HS.describe().transpose()


### Univariate analysis 

#### Univariate analysis is the simplest form of analyzing data. “Uni” means “one”, so in other words the data has only one variable.


In [None]:
# Performing 1 D Aanlysis of dataset using Distribution plots

sns.FacetGrid(HS, hue="Survival_status_of_person", size=5).map(sns.distplot, "Age_of_the_person").add_legend();

sns.FacetGrid(HS, hue="Survival_status_of_person", size=5).map(sns.distplot, "Year_of_the_operation").add_legend();

sns.FacetGrid(HS, hue="Survival_status_of_person", size=5).map(sns.distplot, "No_of_Axillary_nodes_detected_in_total").add_legend();
plt.show();


#### Observations of 1 D Analysis

- Above grahps with attributes Age_of_the_person & Year_of_the_operation tend to overlap a alot due to which we are unable to make a sense out of data using those.

- The axillary nodes is the most important feature to predict the survival status after 5 years as their is less overlap of graphs.

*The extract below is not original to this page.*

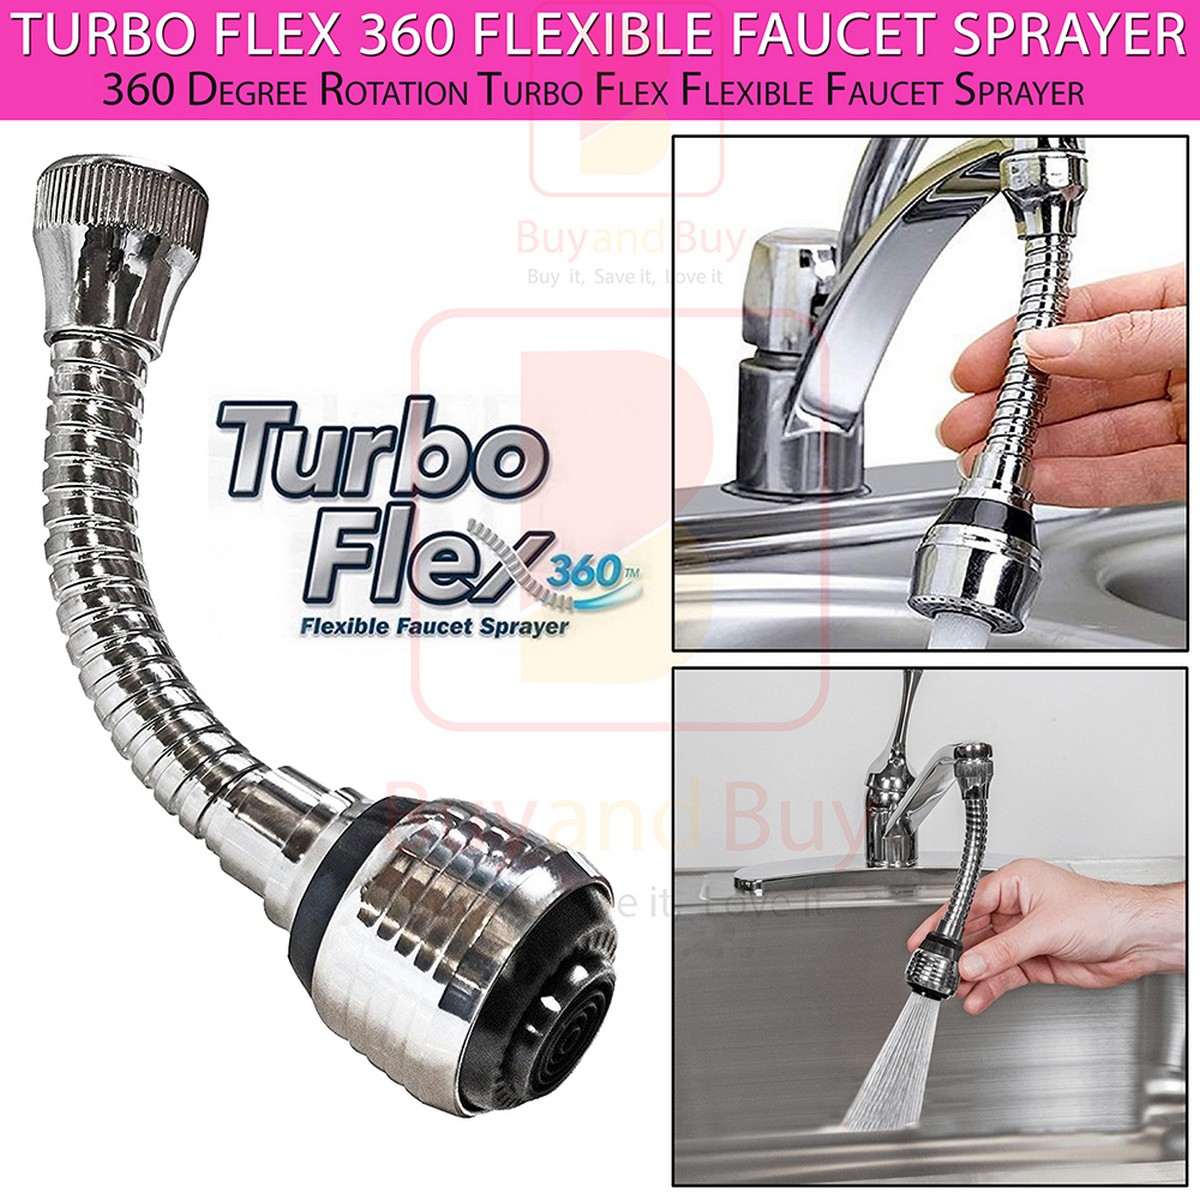 Turbo Flex 360 Flexible Faucet Sprayer Tap Mover Instant Hands Free Swivel Spray

Roughly the survival rate is extremely high for patients having less than 3 axillary nodes.

In [None]:
Survived=HS.loc[HS['Survival_status_of_person']==1]
Not_Survived=HS.loc[HS['Survival_status_of_person']==2]

In [None]:
# Performing 1 D Aanlysis of dataset using CDF

for i in ["Age_of_the_person","Year_of_the_operation","No_of_Axillary_nodes_detected_in_total"]:
    counts, bin_edges = np.histogram(Survived[i], bins=10,density = True)
    pdf = counts/(sum(counts))
    print(pdf);
    print(bin_edges);
    cdf = np.cumsum(pdf)
    plt.plot(bin_edges[1:],pdf,ls='dotted',label='surv1_pdf')
    plt.plot(bin_edges[1:], cdf,ls='--',label='surv1_cdf')
    plt.xlabel(i)
    plt.legend()
    
    counts, bin_edges = np.histogram(Not_Survived[i], bins=10,density = True)
    pdf = counts/(sum(counts))
    print(pdf);
    print(bin_edges);
    cdf = np.cumsum(pdf)
    plt.plot(bin_edges[1:],pdf,label='surv2_pdf')
    plt.plot(bin_edges[1:], cdf,label='surv2_cdf')
    plt.xlabel(i)
    plt.legend()
    plt.show();

#### From the above CDF plots we can observe that 

- The Person with high number of axillary nodes have less probablity of surviving

- Maximum no of persons who survived have less than 3 axillary nodes.

- For the classification of survival status of person , Year_of_the_operation is the least important attribute


In [None]:
# Performing Aanlysis of dataset using BOX plot

sns.boxplot(x='Survival_status_of_person',y='Age_of_the_person', data=HS)
plt.show()

sns.boxplot(x='Survival_status_of_person',y='Year_of_the_operation', data=HS)
plt.show()

sns.boxplot(x='Survival_status_of_person',y='No_of_Axillary_nodes_detected_in_total', data=HS)
plt.show()


In [None]:
# Performing Aanlysis of dataset using violin plot

sns.violinplot(x='Survival_status_of_person',y='Age_of_the_person', data=HS)
plt.show()

sns.violinplot(x='Survival_status_of_person',y='Year_of_the_operation', data=HS)
plt.show()

sns.violinplot(x='Survival_status_of_person',y='No_of_Axillary_nodes_detected_in_total', data=HS)
plt.show()


### Bi-variate analysis using pair-plots :

In [None]:
# Performing Aanlysis of dataset using Pair-Plot

plt.close();
sns.set_style("whitegrid");
sns.pairplot(HS, hue="Survival_status_of_person", size=3);
plt.show()

### Conclusin through observations

- No of person who posess high no of axillary nodes indicates that they have high probablity of Not surviving. 


- Axillary nodes is most important feature/attribute to predict the survival status of person.


- The person with 0 axillary node is most likely to be survive.


- The least usefull attribute to predict the survival status of person is 'year of operation'


- Most of the persons who performed surgery were between 42-60 years of age


- The majority of the surgeries were performed between 1960 - 1966.